Últimamente no tengo la inspiración que tenía antes. Dicen que no hay que buscarla, no lo hago. Aunque miento al decir que no estoy inspirada, porque donde no estoy inspirada es aquí, en mis pequeños textos, en desahogarme...
Últimamente prefiero escribir historias, fingir que soy otra persona, la protagonista de mi historia y hacer que el mundo sea como yo quiero.
Últimamente solo vivo en mi mundo, el mundo de Laira Grow.
Últimamente invado otros mundos, el mundo de Nair Urdaneta.
Últimamente me creo que soy del mundo que otra persona escribió, el mundo de Katniss Everdeen o de Clary Fray.
Últimamente vivo en muchos mundos menos en el real.
Últimamente soy feliz haciendo esto.
Últimamente no me importa nada, solo mis mundos fuera de lo real. Lo único que nadie me puede quitar.

miércoles, 14 de marzo de 2012

Ellos...mi marca perfecta de heroina. Mi adicción.

Esta claro que solo una misma puede deshacerse de sus vicios. Mi mayor vicio es la dependencia que he creado hacia ciertas personas, algunas que veo diariamente, otras que ni siquiera se de ellas en días quizás semanas y de esas es de la que más dependencia tengo.
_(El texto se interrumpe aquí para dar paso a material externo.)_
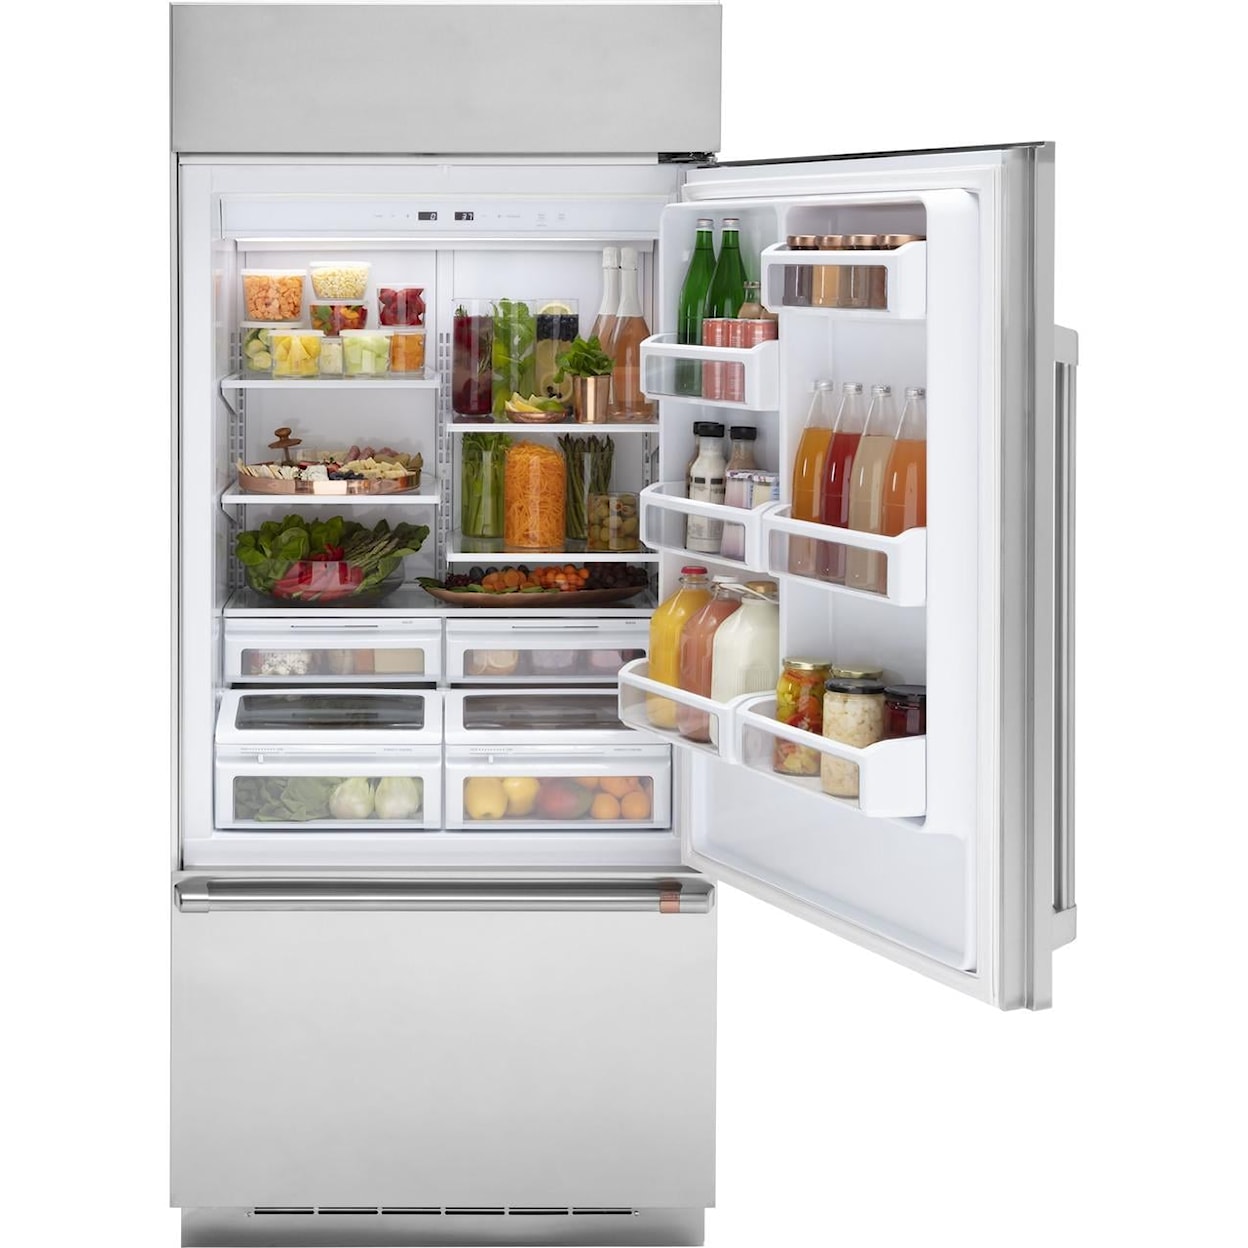 Café Refrigerators Bottom Freezer Built In Refrigerator

De pronto me veo en el suelo de mi cuarto recordando tiempos pasados y no puedo evitar que alguna lágrima se me escape, ya no por lo que he perdido porque creo que de eso ya me he inmunizado - que no olvidado, lo que no quiere decir que no duela-, sino por lo que puedo perder... Amistades. Se que para muchos puede que no sea demasiado, que ni siquiera entiendan lo que me pasa, pero a mi me importa y mucho, llamadme egoista si así lo quereis pero lo que es yo...
 ...Necesito mi dosis diaria de heroina

domingo, 26 de febrero de 2012

Ahora mismo podría ponerme a criticar a un montón de personas, pero he tomado la decisión de no hacerlo, porque ¿quién soy yo para decidir si una persona hace algo bien o mal?
Empezaré por criticarme a mi misma y se que no terminaré nunca, pero si en algún momento cabe la posibilidad de que termine, entonces, y solo entonces empezaré por juzgar a los demás.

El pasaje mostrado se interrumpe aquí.